HOSTILITY AND VIOLENT BEHAVIOR
As a medical NCO, you may encounter situations in which you need to react
promptly. For example, suppose you are assigned to provide medical coverage at the
rifle range. A soldier begins arguing with his scorer on the number of targets he hit. He
suddenly points his weapon in the direction of the other soldiers and begins shouting
obscenities. What do you do? How would you react? These questions and more will
be answered in this lesson.
a. Definition. The patient exhibiting violent behavior is the individual whose
behavior is potentially hazardous to himself or to others. The fear associated with many
psychiatric patients is caused from their actions of violence or destruction. The actual
number of such patients is greatly exaggerated. Violent behavior is not peculiar to any
type of diagnosis.
b. Causes. There are several precipitating factors to violent behavior. Included
are the following:
Medical illness for which organic brain syndrome is the common cause.

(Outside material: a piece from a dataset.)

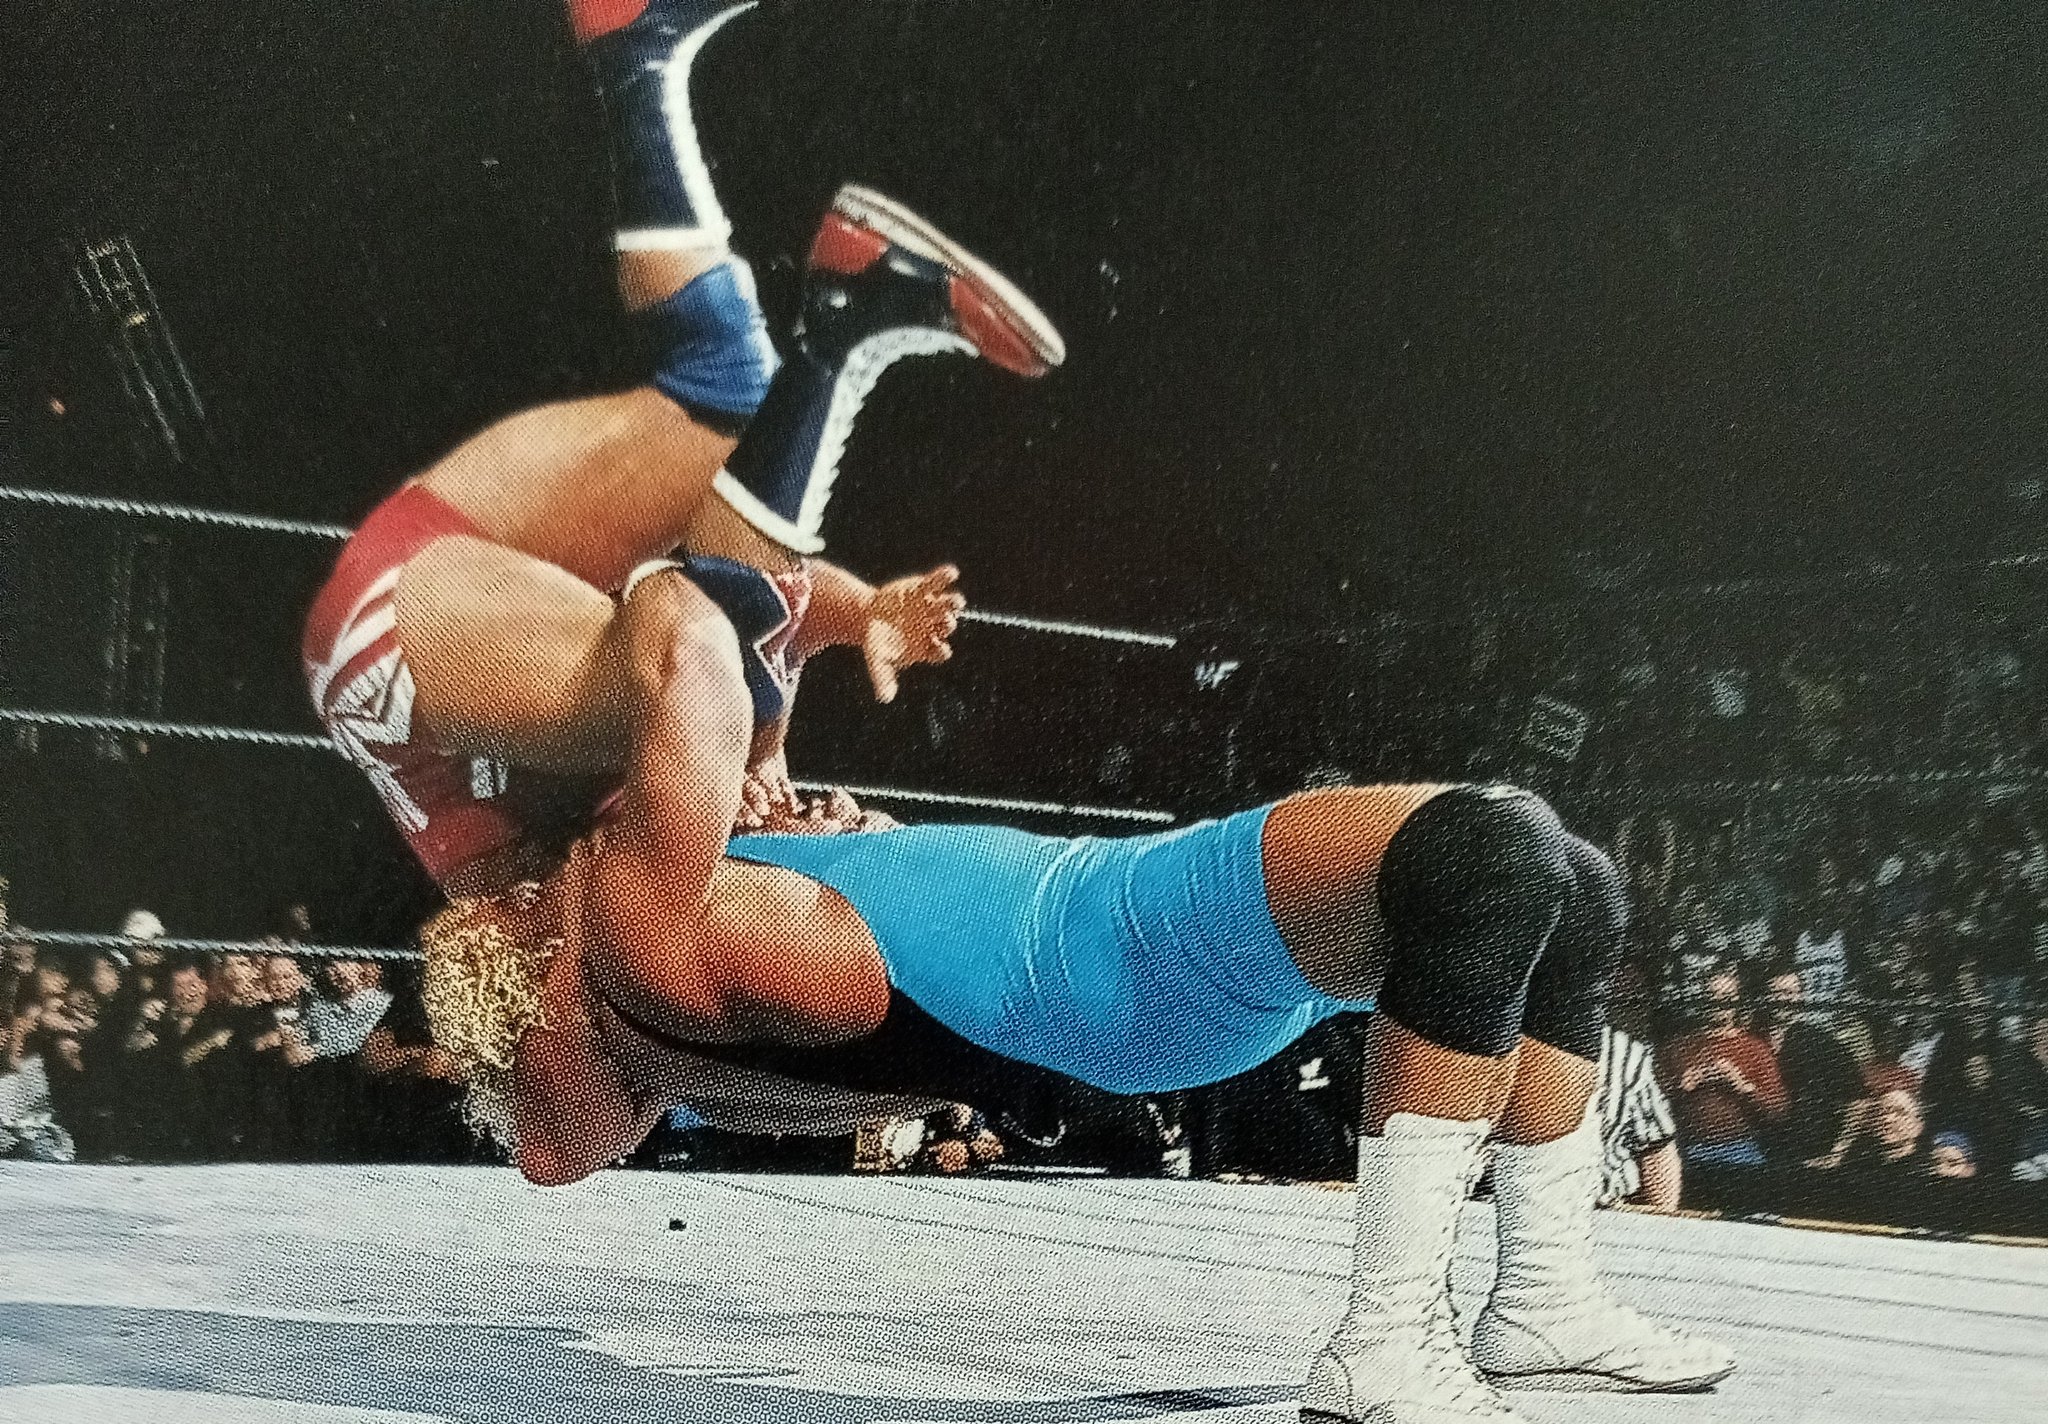 Mr. Perfect performing Perfect Plex on Kurt Angle at the 2002 Royal Rumble

Personality disorders such as poor impulse control.
(3) True neuropsychiatric illnesses (the person experiences delusions of
persecution and "hearing voices").
MANAGEMENT OF AN UNARMED VIOLENT PATIENT
The violent, agitated patient must be controlled before attempts are made to
diagnose or to refer the patient for help.
a. Verbal Control. Verbal control should be the first attempt made. As you
approach the patient, talk calmly to him. Avoid threatening him. Tell him who you are,
where and how you plan to help him; this is called reorienting information. Ask him
questions about what is troubling him. Try to find the cause of his agitation. Asking why
he is upset often stimulates the patient to think rationally. Additionally, these questions
provide necessary information. Often, the verbal approach is enough to calm someone
who is not in a panic, anxiety state. The verbal approach is usually effective with
patients who are psychotic (person who has lost contact with reality).